BD4004 Image Processing and Analysis Syllabus:

BD4004 Image Processing and Analysis Syllabus – Anna University PG Syllabus Regulation 2021

COURSE OBJECTIVES:

 To understand the basics of digital images and noise models
 To understand spatial domain filters and frequency domain filters
 To understand the image processing techniques
 To familiarize the image processing environment and their applications
 To appreciate the use of image processing in various applications

UNIT I SPATIAL DOMAIN PROCESSING

Introduction to image processing – imaging modalities – image file formats – image sensing and acquisition – image sampling and quantization – noise models – spatial filtering operations – histograms – smoothing filters – sharpening filters – fuzzy techniques for spatial filtering – spatial filters for noise removal.

UNIT II FREQUENCY DOMAIN PROCESSING

Frequency domain – Review of Fourier Transform (FT), Discrete Fourier Transform (DFT), and Fast Fourier Transform (FFT) – filtering in frequency domain – image smoothing – image sharpening – selective filtering – frequency domain noise filters wavelets – Haar Transform – multi resolution expansions – wavelet transforms wavelets based image processing.

UNIT III SEGMENTATION AND EDGE DETECTION

Thresholding techniques – region growing methods – region splitting and merging adaptive thresholding – threshold selection – global valley – histogram concavity edge detection –template matching – gradient operators – circular operators differential edge operators –hysteresis thresholding – Canny operator – Laplacian operator – active contours – object segmentation.

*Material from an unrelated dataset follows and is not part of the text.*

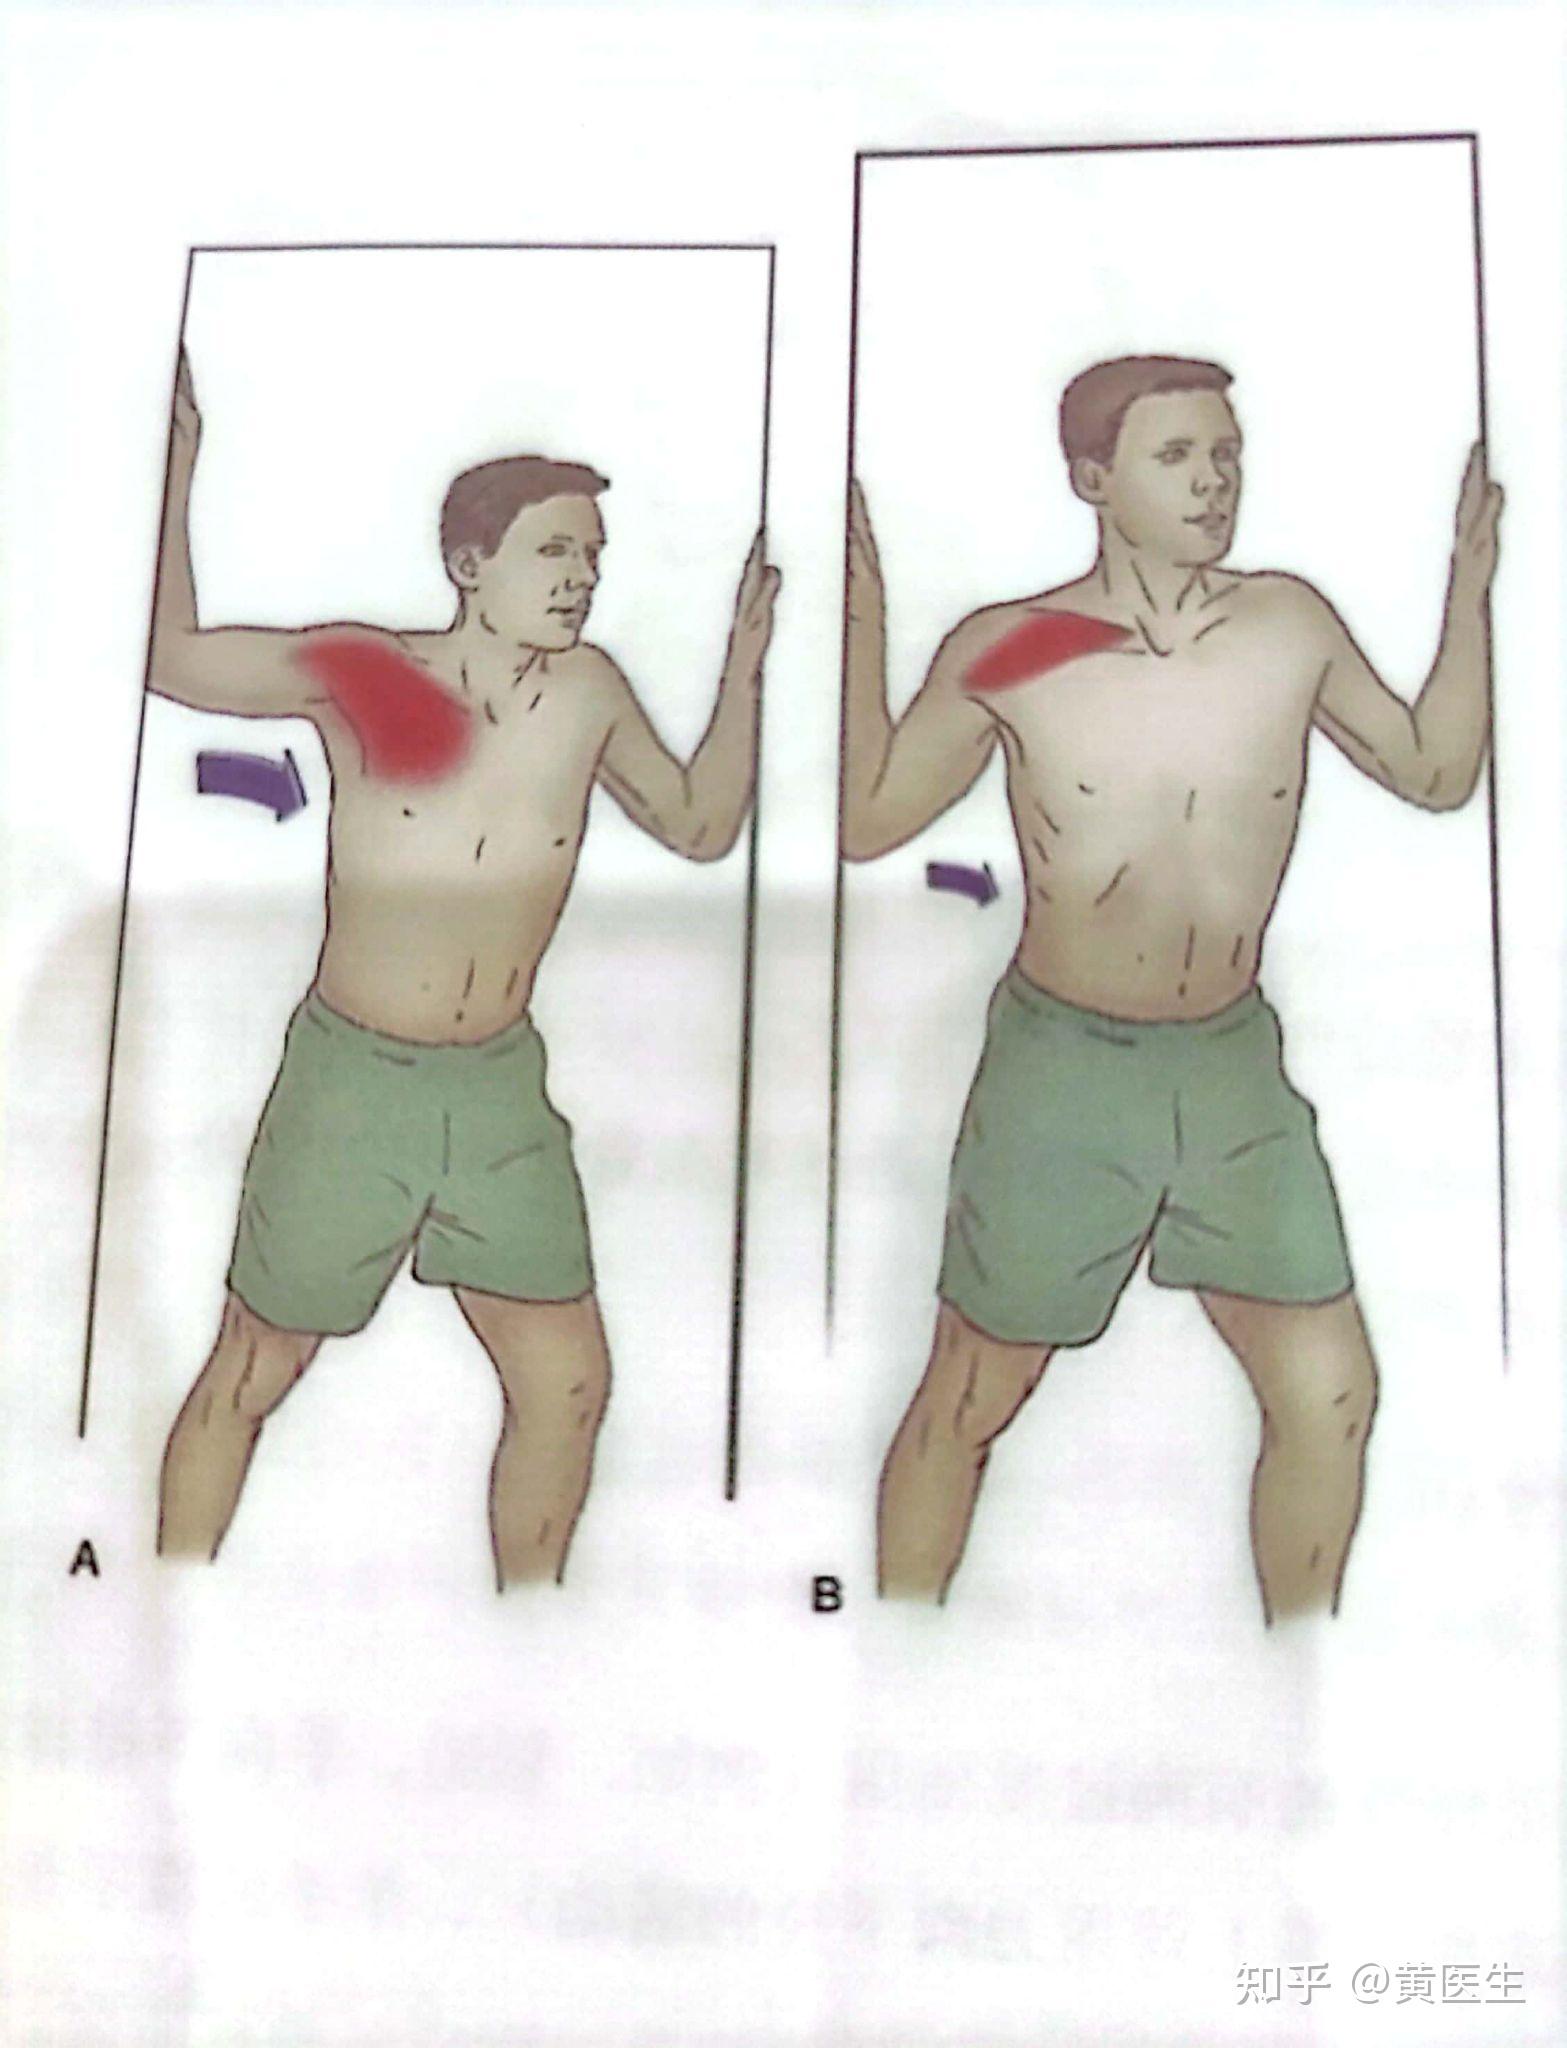 2斜方肌,肩胛提肌的牵伸训练3前锯肌的训练4斜方肌中,下束的训练5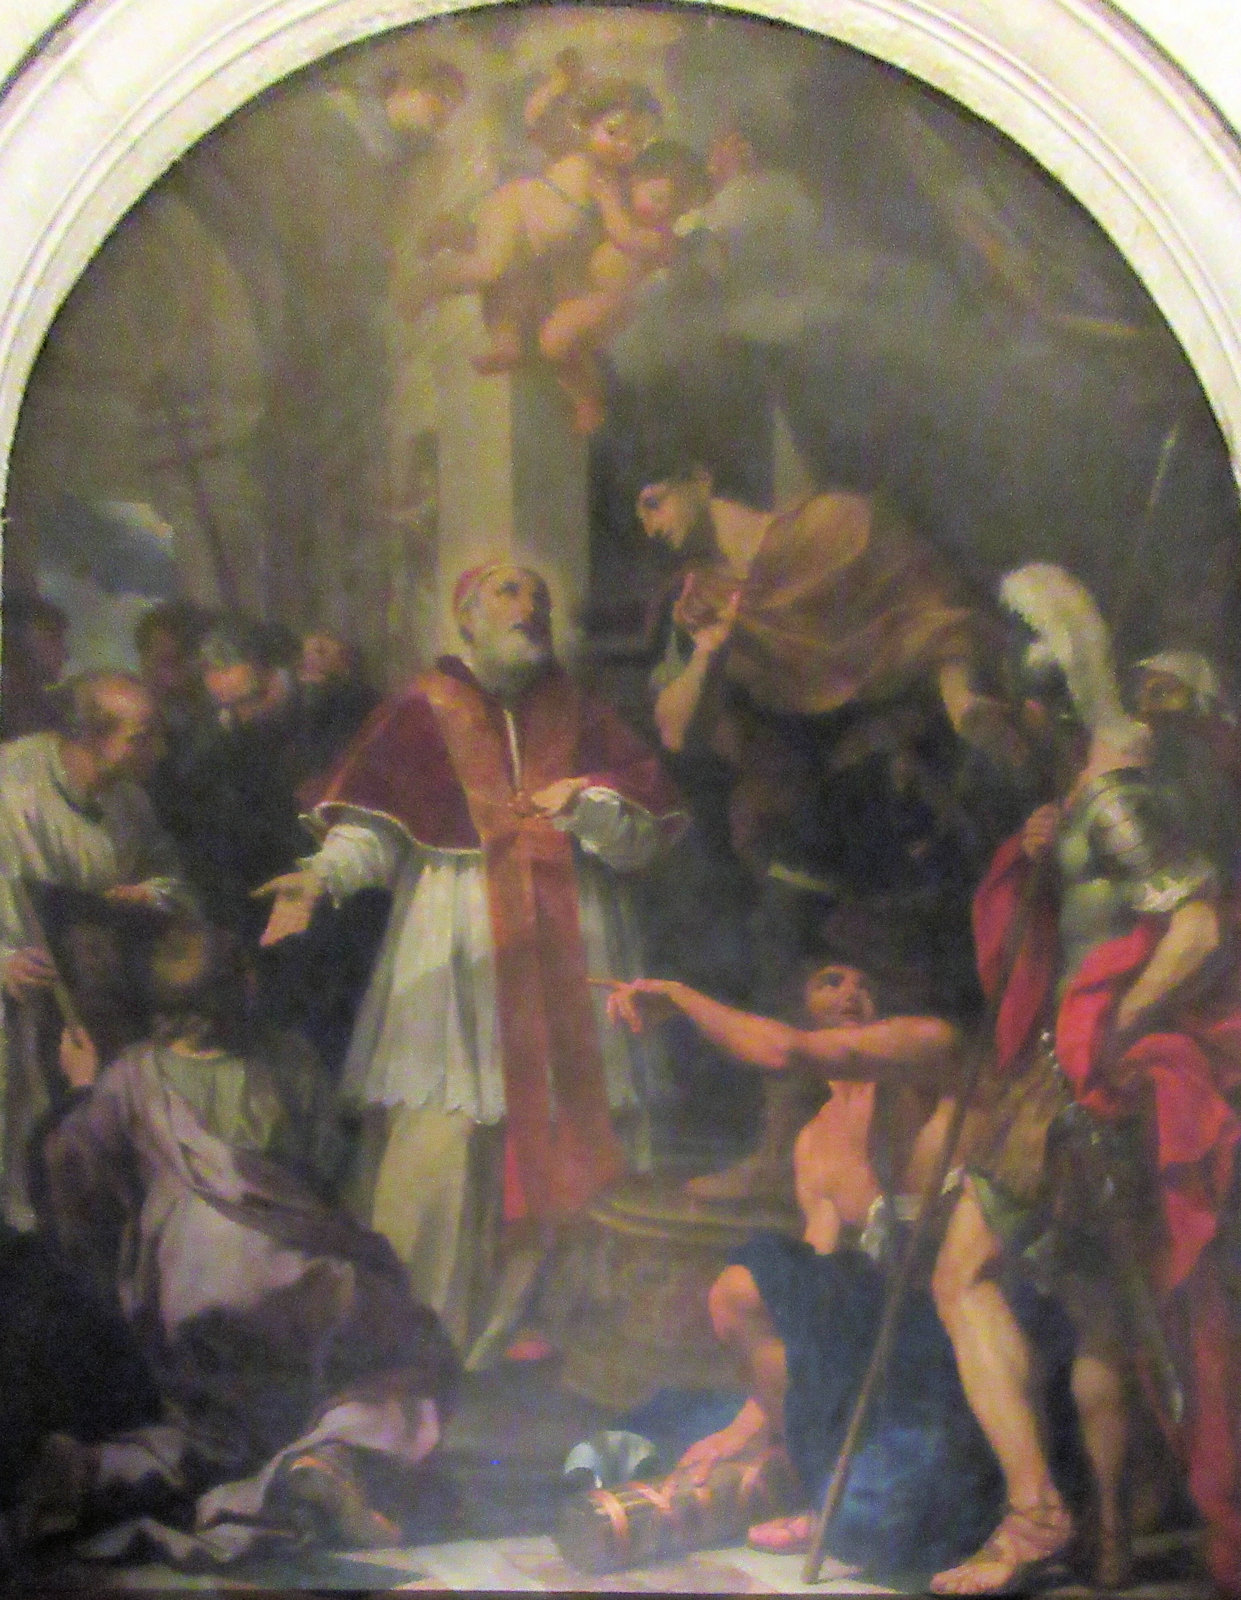 Luigi Garza: Silvester präsentiert Kaiser Konstantin das Bild von Petrus und Paulus, 1675, in der Kirche Santa Croce in Gerusalemme in Rom

UNIT IV INTEREST POINTS, MORPHOLOGY, AND TEXTURE

Corner and interest point detection – template matching – second order derivatives median filter based detection – Harris interest point operator – corner orientation local invariant feature detectors and descriptors – morphology – dilation and erosion morphological operators – grayscale morphology – noise and morphology – texture texture analysis – co-occurrence matrices – Laws’ texture energy approach – Ade’s eigen filter approach.

UNIT V COLOR IMAGES AND IMAGE COMPRESSION

Color models – pseudo colors – full-color image processing – color transformations smoothing and sharpening of color images – image segmentation based on color noise in color images. Image Compression – redundancy in images – coding redundancy – irrelevant information in images – image compression models – basic compression methods – digital image watermarking.

TOTAL : 45 PERIODS

COURSE OUTCOMES:

CO1: Design and implement algorithms for image processing applications that incorporates different concepts of medical Image Processing
CO2: Explain image modalities, sensing, acquisition, sampling, and quantization, noise models and implement spatial filter operations
CO3: Familiar with the use of MATLAB and its equivalent open source tools
CO4: Critically analyze different approaches to image processing applications
CO5: Explore the possibility of applying Image processing concepts in various applications

REFERENCES:

1. E. R. Davies, “Computer & Machine Vision”, Fourth Edition, Academic Press, 2012.
2. S. Sridhar, “Digital Image Processing”, 2nd Edition, Oxford University Press, 2016.
3. W. Burger and M. Burge, “Digital Image Processing: An Algorithmic Introduction using Java”, Springer,2nd edition, 2016.
4. John C. Russ, “The Image Processing Handbook”, Sixth Edition, CRC Press, 2011.
5. R. C. Gonzalez and R. E. Woods, “Digital Image Processing”, Third Edition, Pearson,2008.
6. Mark Nixon and Alberto S. Aquado, “Feature Extraction & Image Processing for Computer Vision”, Third Edition, Academic Press, 2013.
7. D. L. Baggio et al., “Mastering OpenCV with Practical Computer Vision Projects”, Packt Publishing, 2012.
8. Jan Erik Solem, “Programming Computer Vision with Python: Tools and algorithms for analyzing images”, O’Reilly Media, 2012.